# Records
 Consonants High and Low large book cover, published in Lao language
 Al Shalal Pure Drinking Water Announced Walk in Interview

...

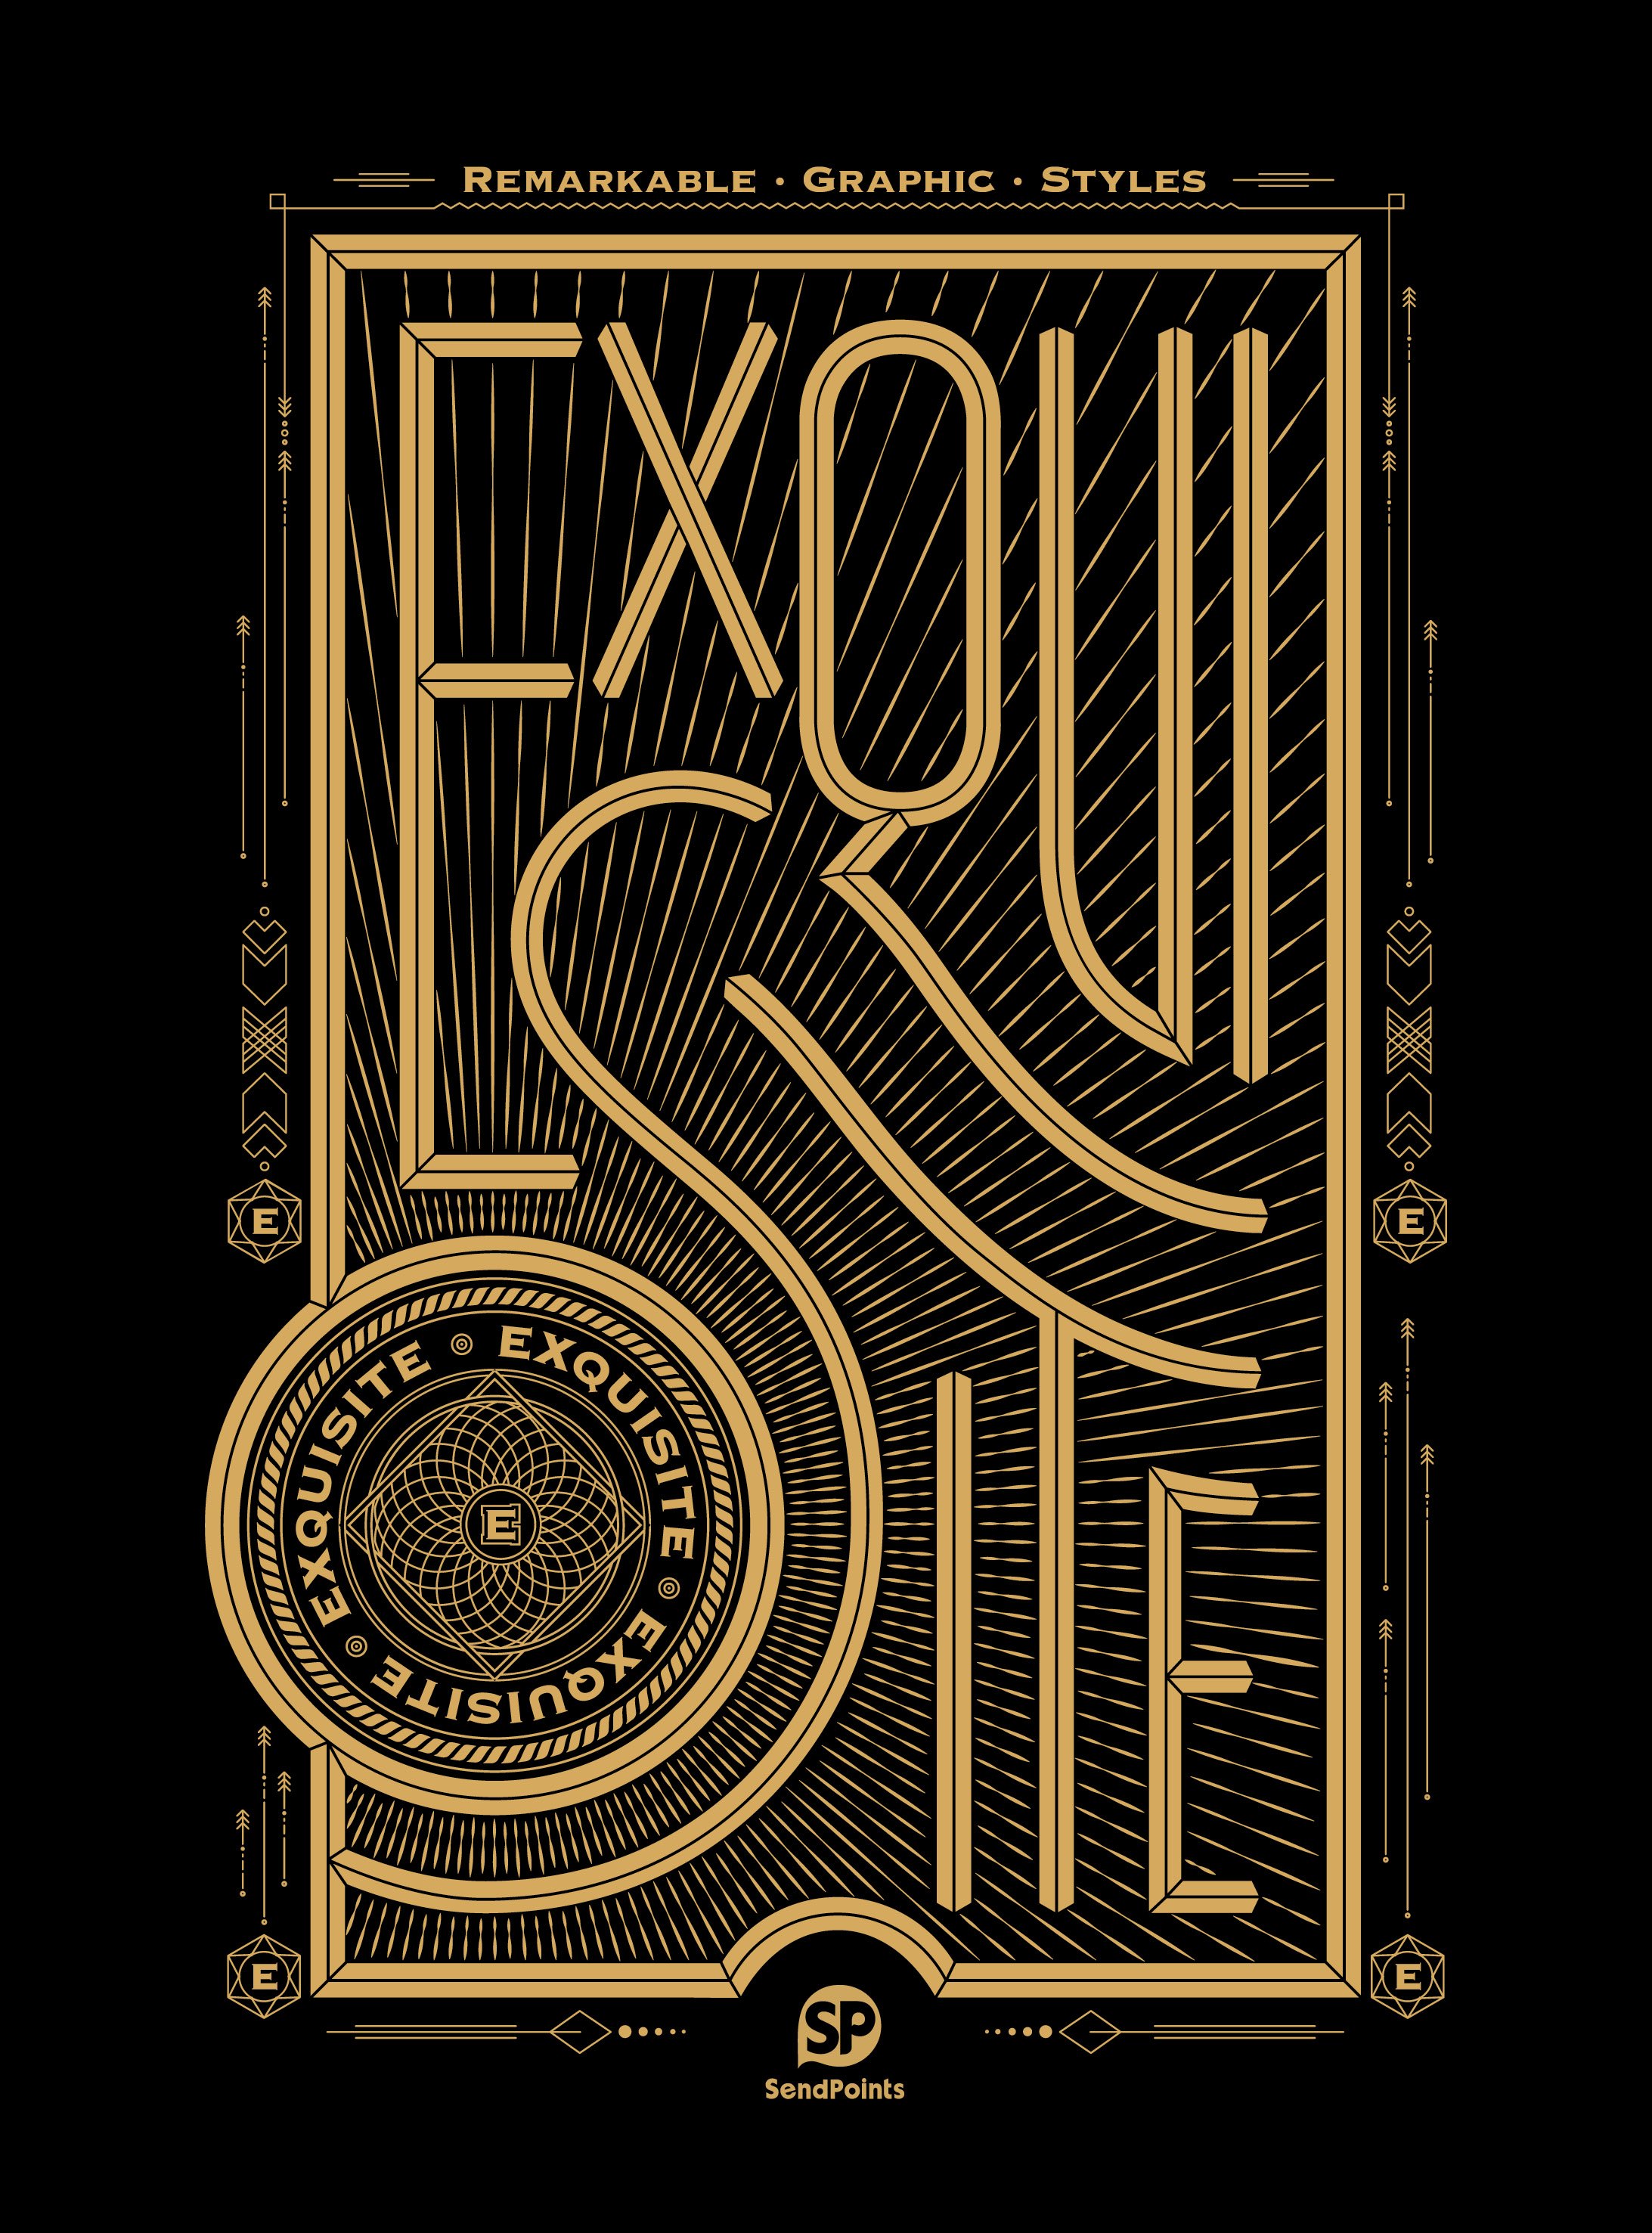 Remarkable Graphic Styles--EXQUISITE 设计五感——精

# Exercise prompt
Give the exact lines, and only those, from the line containing "Consonants High and" through the line containing "Al Shalal Pure" in the entries above.

# Task result
 Consonants High and Low large book cover, published in Lao language
 Al Shalal Pure Drinking Water Announced Walk in Interview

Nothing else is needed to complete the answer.